19. At the cost of repetition we do not agree with the respondent No.1 that, he was by such acts was protecting the interest of his client. We do not intend to discuss as to whether taking the accused in custody by the petitioner amounted to illegal detention or not but the fact is certain that when the presiding officer was dictating the Judgment, the advocate representing the accused should not have attempted to stop the presiding officer from pronouncing the Judgment. The redressal would have been at a different authority, it cannot justify the acts done by the respondent No.1 – contemnor.
20. It will not be out of place to mention here that, in AIR 2004 Supreme Court 2579 (Supra) it has been held that, when the High Court had decided to proceed with the contempt proceedings in a summary manner and due opportunity was afforded to the contemnor / contemnors, and after verifying the material available before it, convicted the contemnors, then no fault can be found in the procedure adopted by the High Court. In this case also all the procedure have been adopted and full opportunity has been given to the respondent No.1 to put forth his say. No doubt Hon’ble Supreme Court has laid down that the proceedings for contempt of Court should be decided expeditiously but in this case the record shows that many times bailable warrants were issued against the respondent No.1 in order to secure his presence. After he was produced under the execution of non-bailable warrant, he was released on bail, yet thereafter also he remained absent and then again bailable warrant was issued. Even thereafter full opportunity has been given to the respondent No.1 to put forth his say.
21. Considering the reasons above stated, in our opinion, the acts of the respondent No.1 – Contemnor amounted to scandalising the Court and obstruction in the administration of Justice, therefore he is required to be dealt with sternly.
22. After disclosing that the respondent No.1 – Contemnor is held guilty, an opportunity has been given to him to submit on the point of sentence. He submits that, he does not want to say anything. We have also heard the appointed advocate for the petitioner and learned Additional Public Prosecutor on the point of sentence. They both have submitted that, Judicial Officer should not be lower down by anybody, however taking into consideration the age of the Contemnor appropriate sentence may be awarded.
23. When it comes to awarding punishment under Section 12 of the Act, it is well settled that awarding fine is by way of rule and awarding simple imprisonment is by way of exception. We have no doubt in our minds that this is an exceptional case involving an Advocate who is the officer of the Court and though he has been practising in law for so many years. Definitely as an advocate it was his duty to represent his client but when the client, that is the accused, who was facing the trial was being punished by the Court of law, then he should have accepted the sentence. If at all anything was to be agitated, it should have been by set principles of law.
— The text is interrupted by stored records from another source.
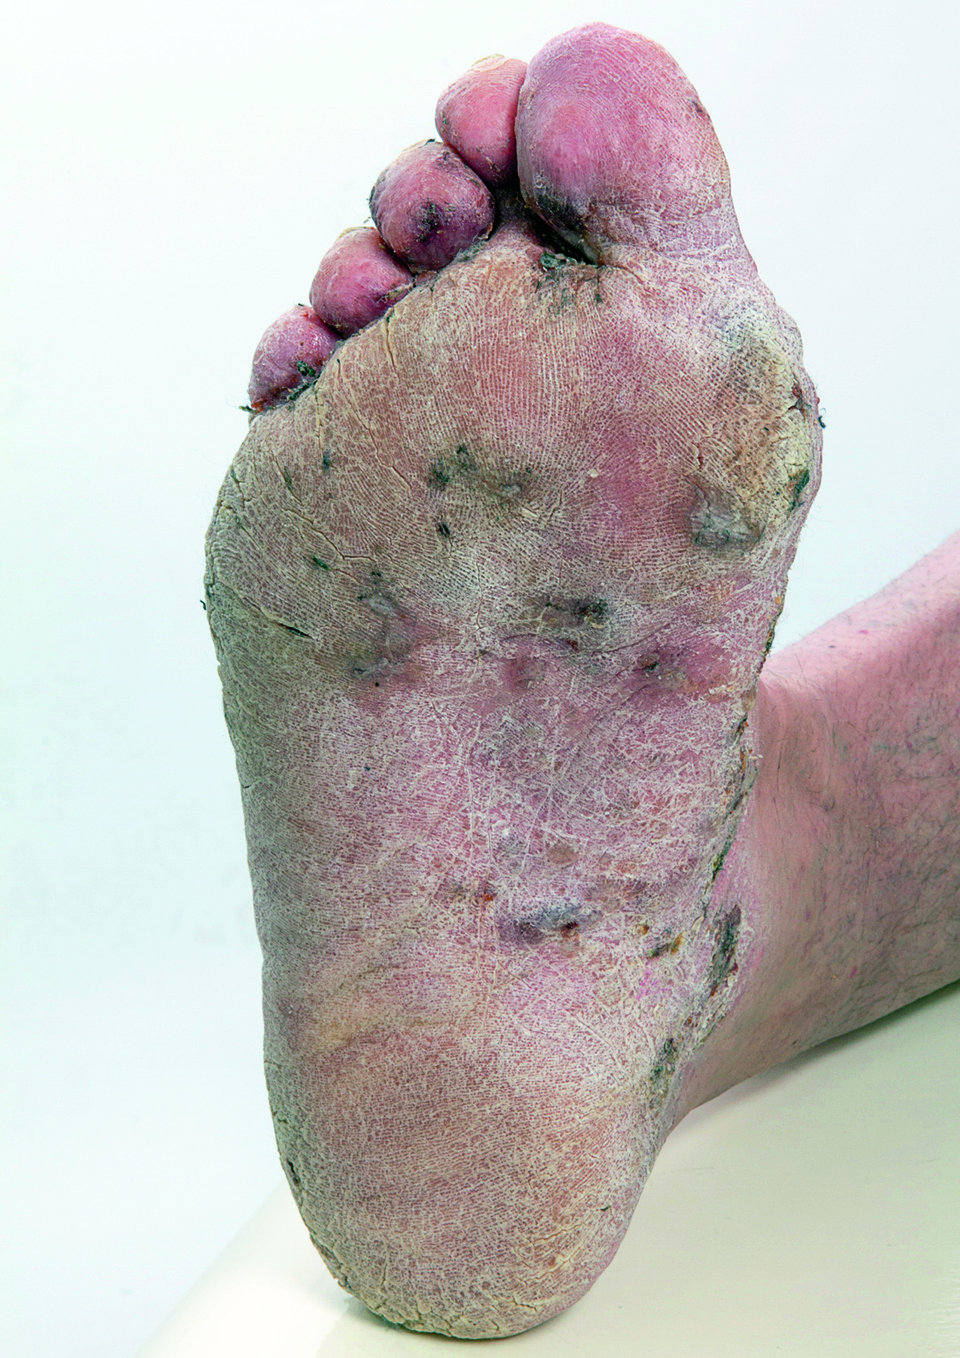 Bakterieller Fußinfekt mit gelb-bräunlichen, schmierigen Belägen in den Zehenzwischenräumen und plantarer Hyperkeratose mit Rhagaden.
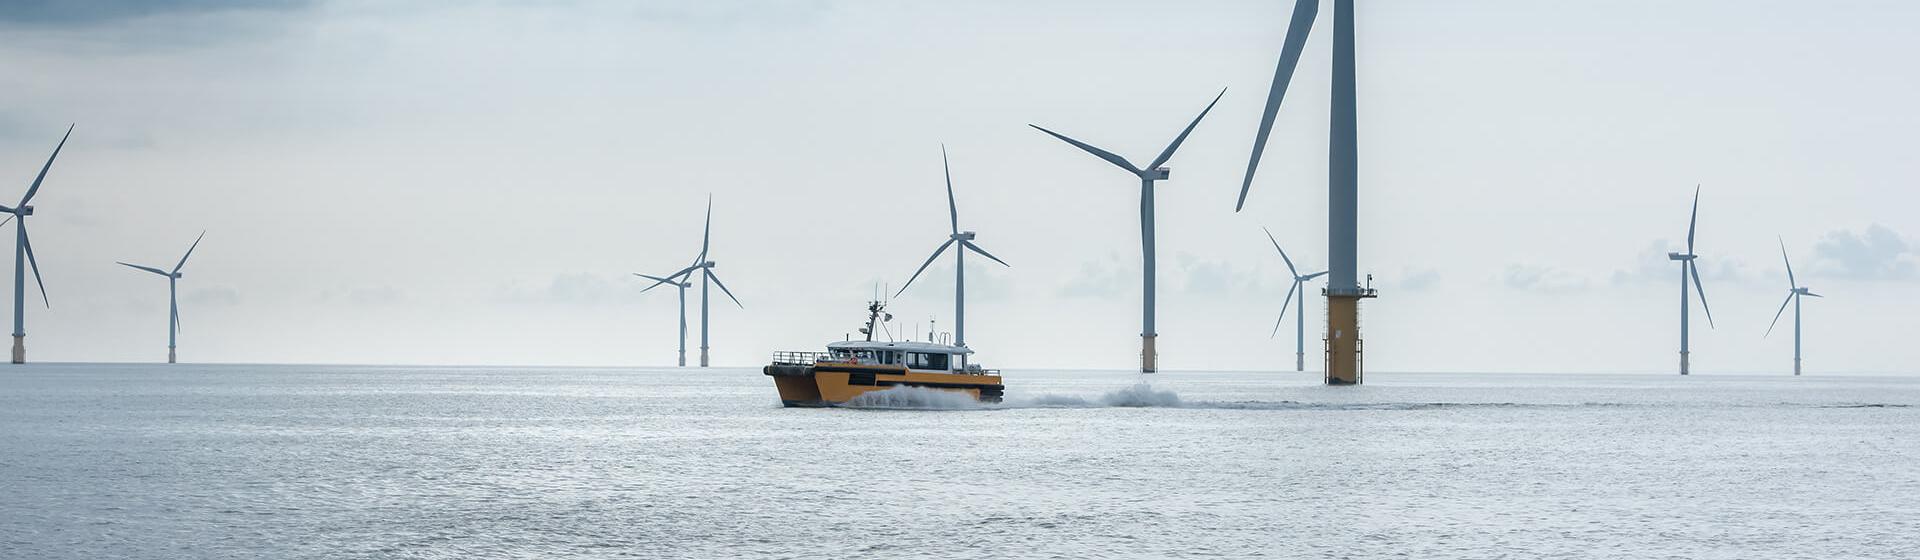 Parc éolien offshore. Un bateau de service navigue rapidement au milieu des turbines, laissant derrière lui un sillage visible.
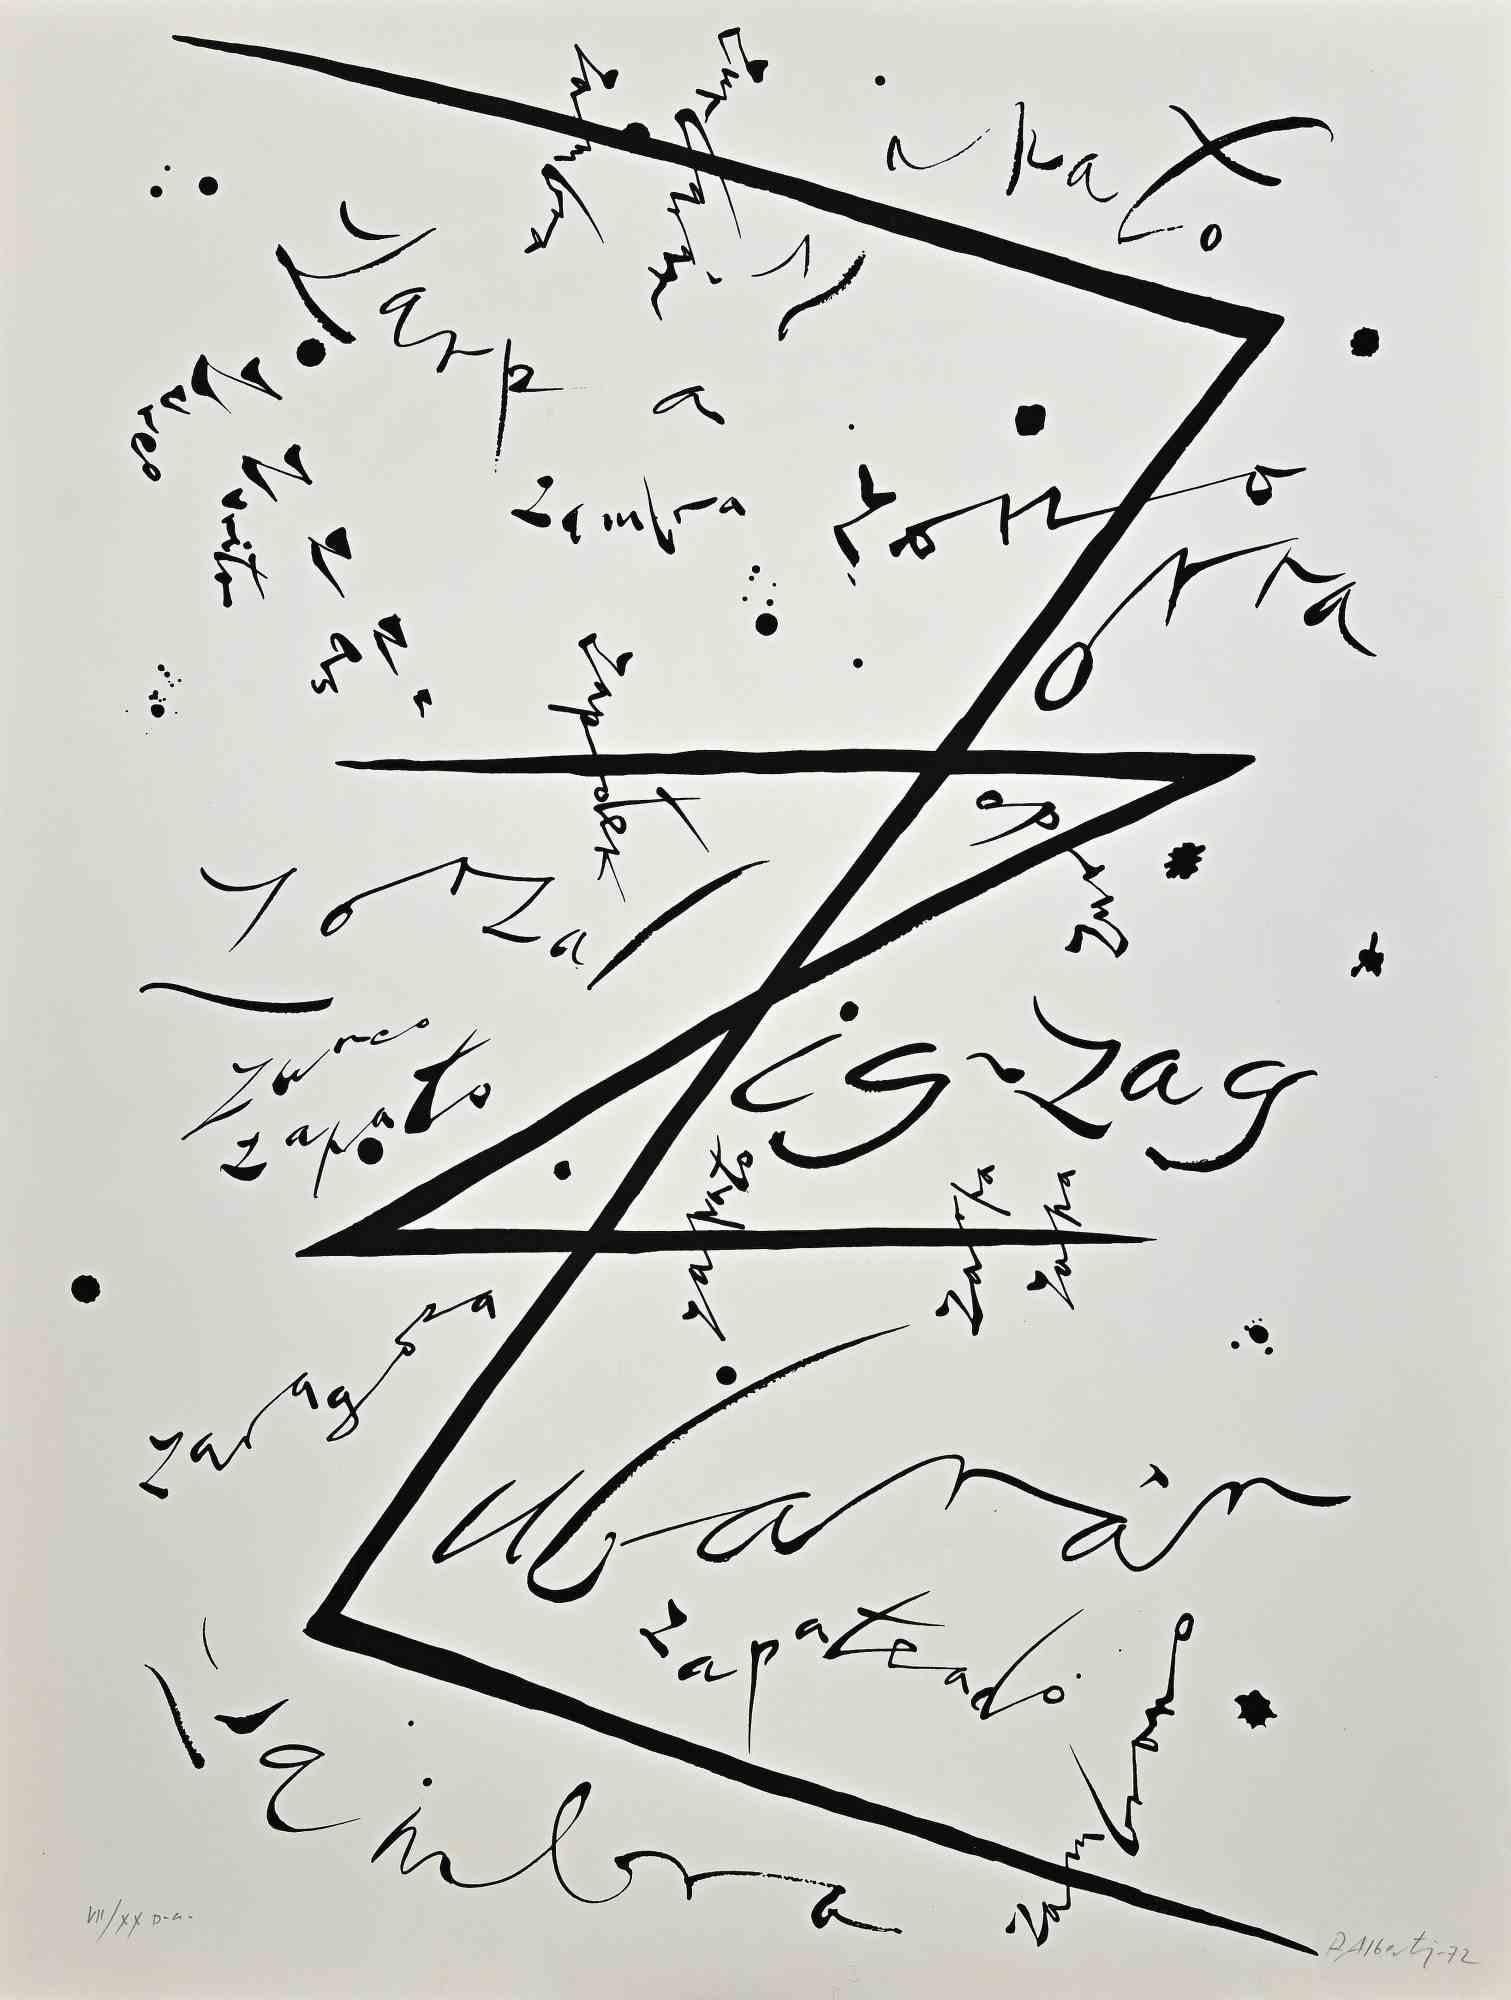 Lettre Z - Lithographie d'Rafraîchissement Alberti - 1972
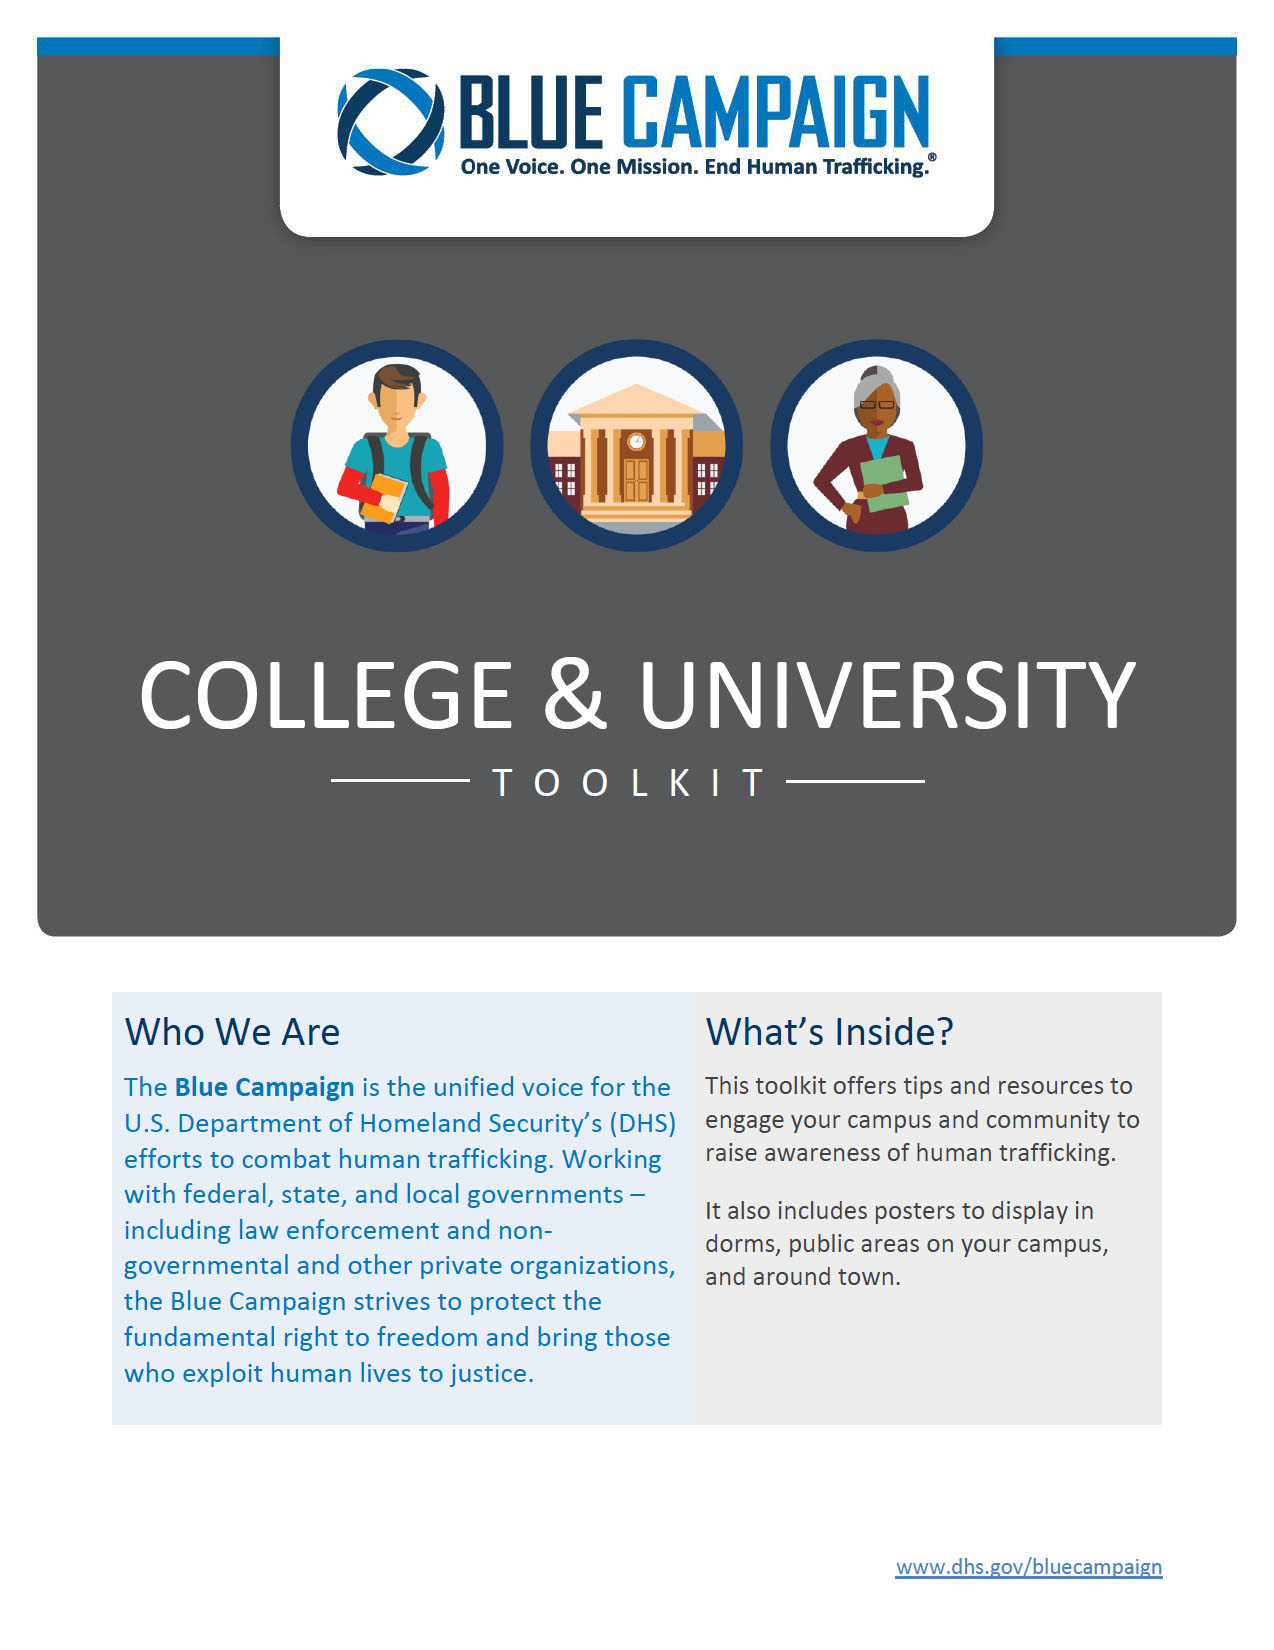 College & University toolkit

24. Taking into consideration the present age of the respondent No.1 – Contemnor, we sentence the Contemnor to suffer simple imprisonment for one (01) week and pay fine of Rs.2,000/- (two thousand), in default, to undergo simple imprisonment for two (02) days more. The petition is disposed of accordingly. Respondent No.1 is hereby taken in custody. Registry to provide copy of the Judgment to respondent No.1 free of costs.
25. Fees of the appointed advocate Mrs. S. D. Tambat is quantified at Rs.5,000/- (five thousand), which should be given from the High Court Legal Services Sub-Committee, Aurangabad.